THE TROUBLE WITH HUSTLE CULTURE
I want to address Hustle Culture today because this is something that I’ve become increasingly aware of in online coaching spaces.
The idea that our productivity is measurable.
Or that if you work harder and faster and more that somehow your value increases.
It’s the message that if we just keep pushing through hard stuff, we’ll be met with success on the other side. It’s the quotes on Instagram that encourage us to ‘rise and grind’ or ‘Don’t stop when you’re tired, stop when you’re done’.
The reality is that lessons on the dangers of hustle culture and quotes like these are often learned by burnout. This message, which is often found in the entrepreurial world, dominated by masculine voices, lacks so much nuance, context and real life grounding.
We are sweeping these pressurised ideas of what it means to achieve success or go after our dreams over the lives of real people with a huge spectrum of differing responsibilities, of access, of mental health needs, of time constraints, of financial obstacles, of physical abilities. And when we hold this culture up as the one that is the pinnacle, and fob all of that contextual stuff off as ‘excuses’ then the damage is absolutely real.
It leaves people questioning their worth, the value of what they have to offer, their ability to do things, their competency and it quashes their passion, their desires and their motivation. Hustle culture has a temporary dopamine hit of motivation, but it’s not a sustainable way to work and it’s a toxic message to peddle.
So today I want to talk through four ways that I see hustle culture seeping into how we are expected to work today, why it’s a troubling message and what the alternative is.
The problems with hustle culture and what the alternatives are
The first thing I want to raise about hustle culture is the idea that if you are someone who is building a business, a community or creating something to put out there and offer.
1) Feeling like you need to always be on and available.
Hustle culture is not really interested in boundaries. It talks a lot about how you can’t miss opportunities, you have to seize them no matter what and offer the very best, most responsive output to your clients, customers or community.
This idea that human beings have the capacity to always be responsive to the needs of their business is dangerous and is a quick way to send your nervous system into high alert which is a really harmful state for our bodies to be in consistently.
We are not bots, we are humans. We do not owe our IG followers or inboxes quick responses. To think that we need to reply to every single question, response or request that comes our way lest we miss something is scarcity mentality dressed up as being attentive to our community.
This scarcity mentality is rife in hustle culture, but it’s often disguised as not letting opportunities go by. But behind this is the reality that often we believe that if we don’t make ourselves available at all times, if we don’t respond to every single DM, if we don’t reply to every question from potential customers or clients then they will go away and there’ll be less for us.
That’s simply not true.
They may go elsewhere but it doesn’t mean there’s less for you. I don’t know about you but I want to build a business where my clients know, appreciate and respect my boundaries about my availability to respond to them. I want them to see me as human, with complex and widespread responsibilities outside of my work. A lot of my own work around this has been about trusting that my work stands up, even when I step away from it or take breaks. It’s been about trusting that the value I have to offer isn’t connected to how available I am to be all things to all people. I wonder what shifting around you might need to do in your head or in practice to reroute the idea that you shouldn’t be expected to be on and available in your business all of the time.

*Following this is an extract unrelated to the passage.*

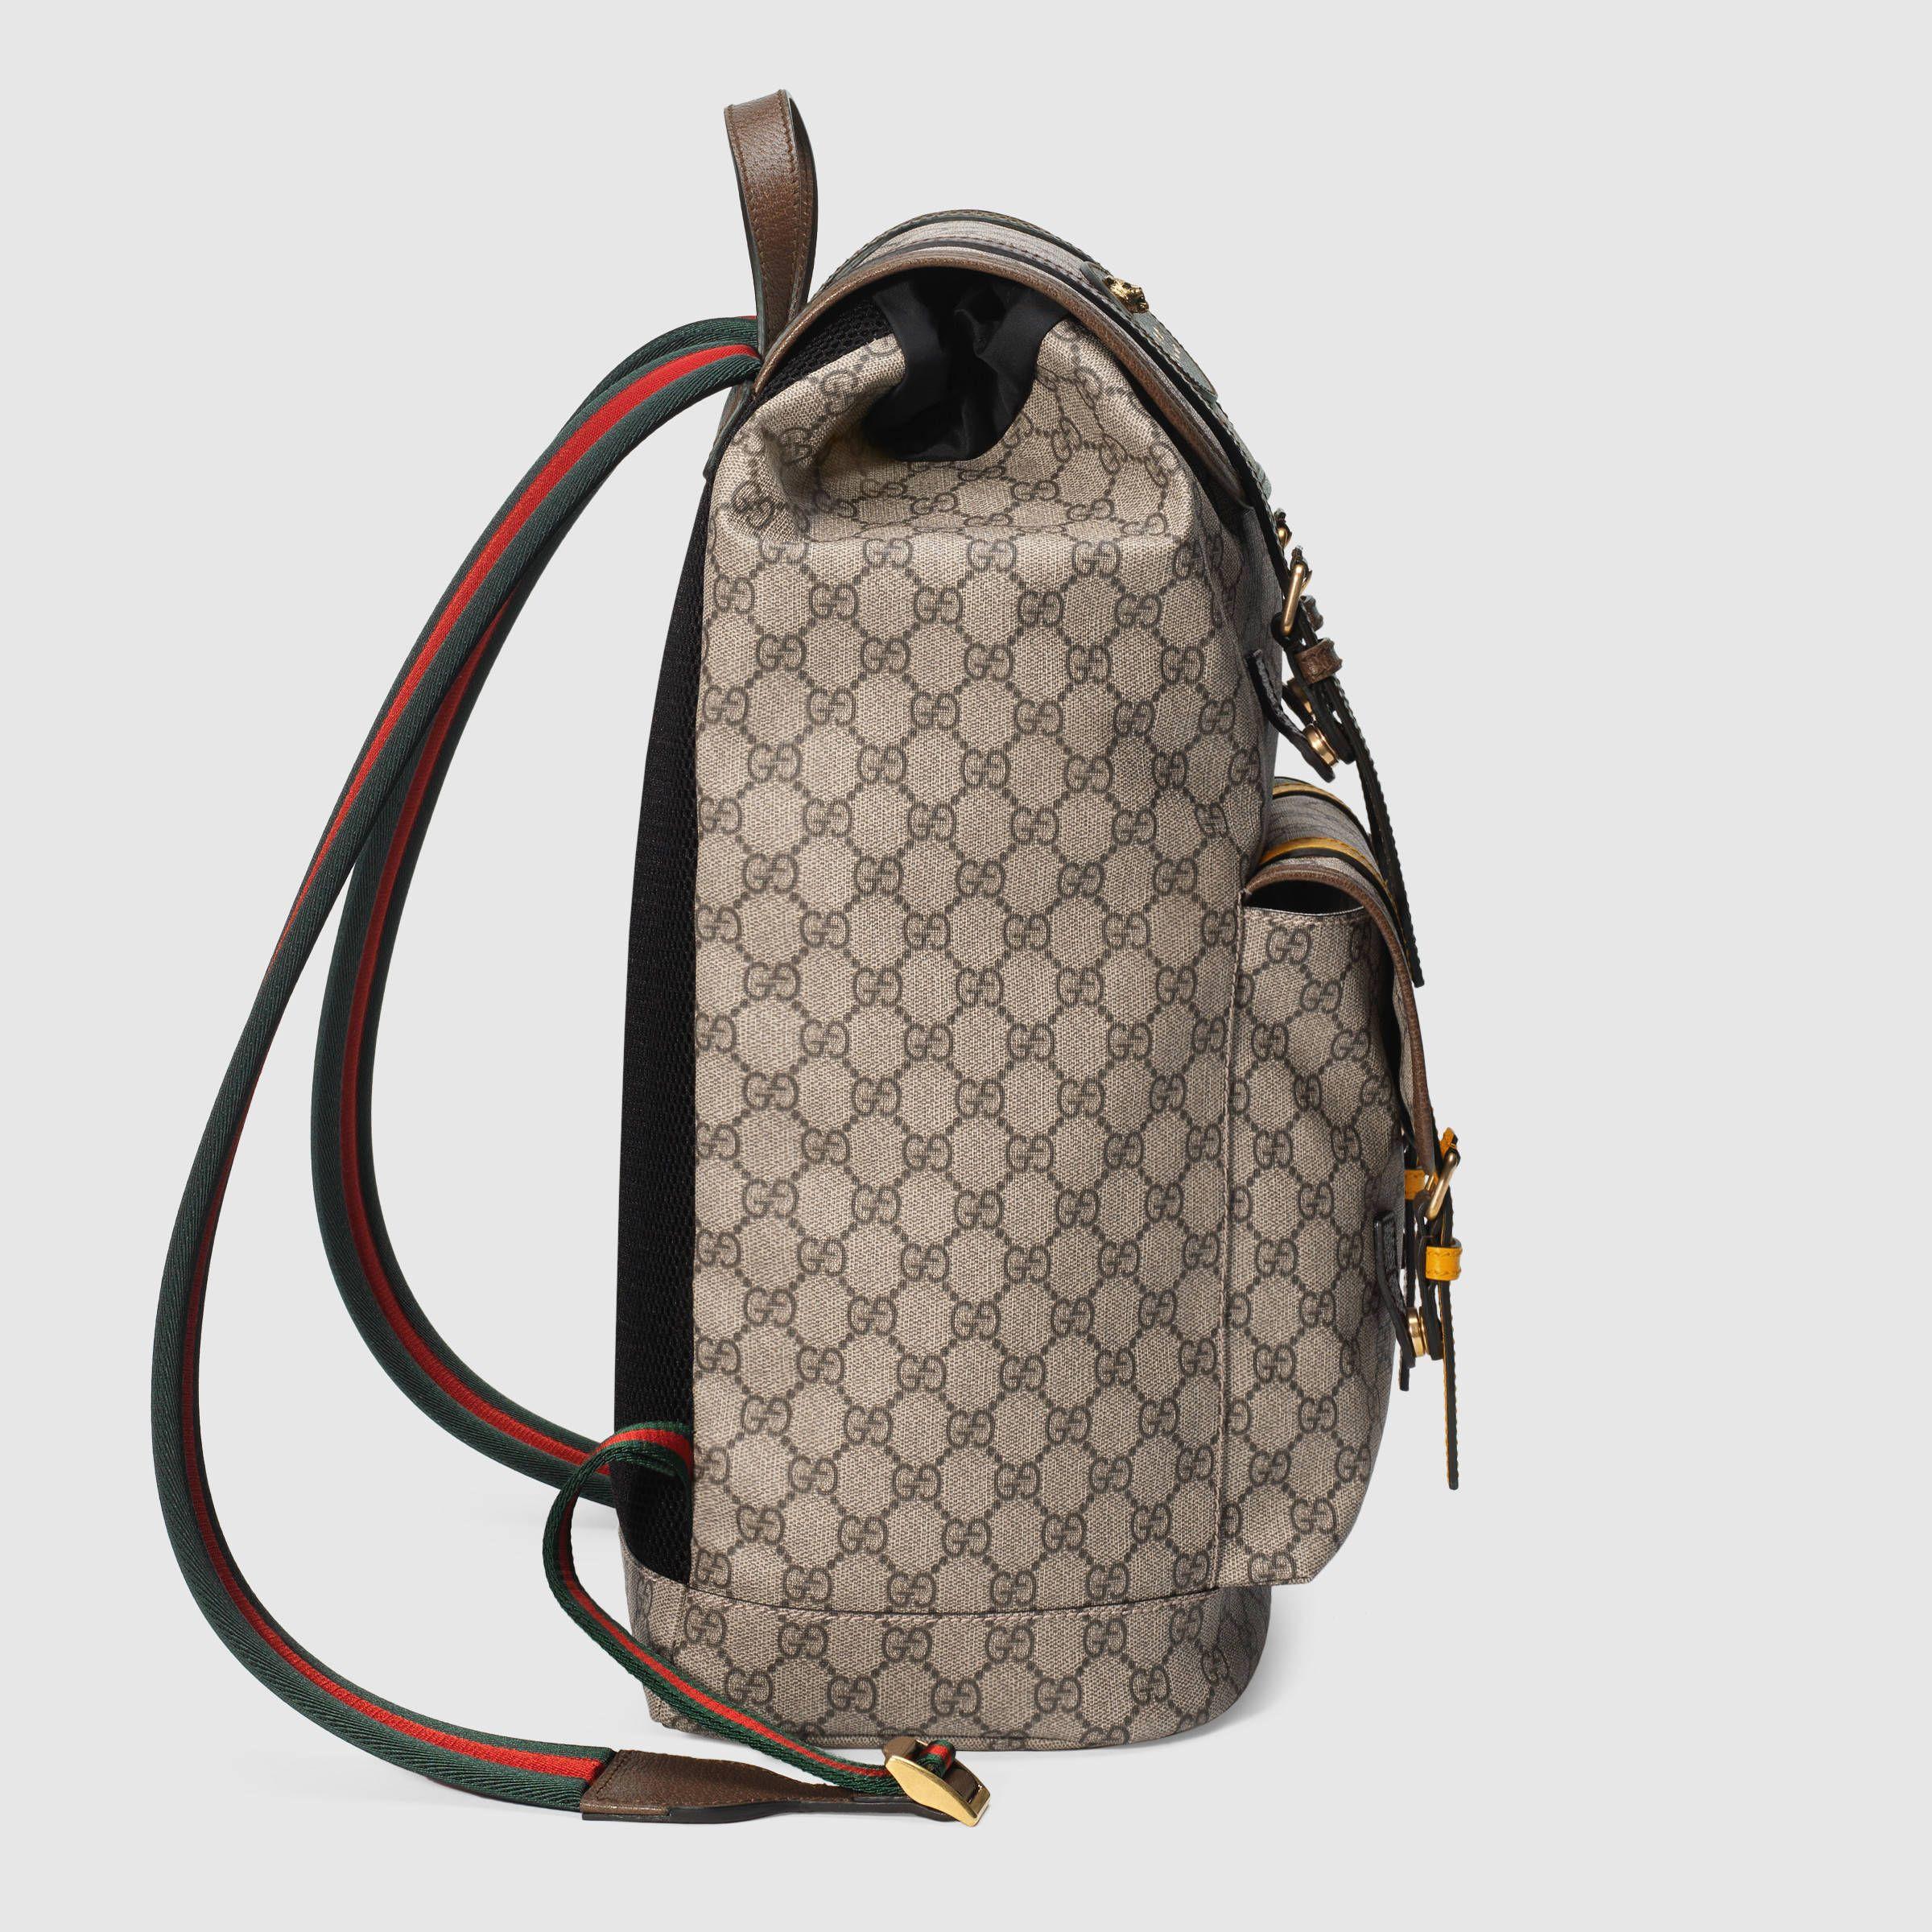 9bc303171 Soft GG Supreme backpack | backpacks | Supreme backpack, Backpacks ...

2) Using guilt or shame to attract customers
The next message of hustle culture that I want to address is the practice of using guilt and shame to attract customers or clients. No no no no no.
I have seen this SO much in the online business world – the language that is put out through copy, sales pages, Instagram etc is all about focusing on the dissatisfaction and pain of the potential customer or client. It’s a technique that works, for sure. I’m not saying it doesn’t work. But using tactics to rush people into buying from you or alluding that there is something wrong with them in order to sell your stuff is manipulative at best and ethically wrong at worst and isn’t actually creating a culture of business honesty and integrity.
This kind of marketing preys on peoples vulnerabilities as a quick way to get conversions and close the sale. Again, it treats people like commodities to accumulate from. It’s scarcity driven, not authenticity driven. This type of communication comes in all different forms but usually it’s packaged up with some sort of urgent but arbitrary time frames and pricing. It also plays on language that would have you believe that without this thing, you’ll be less than, stuck, or left out.
What we need is more business owners communicating about your business from a place of trust and honesty, highlighting the value of what they do, speaking to what their product or service offers and allowing people space to make up their minds, rather than hustling people into things as a statement connected to their struggle.
3) Assigning worth or value to your output
There is definitely something satisfying about giving your best to a project or idea, right? That is a great feeling. Knowing that you’ve committed yourself to something and seen it through and are really proud of your work. But with hustle culture looming around us we have to be careful that we aren’t conflating working hard with hustle.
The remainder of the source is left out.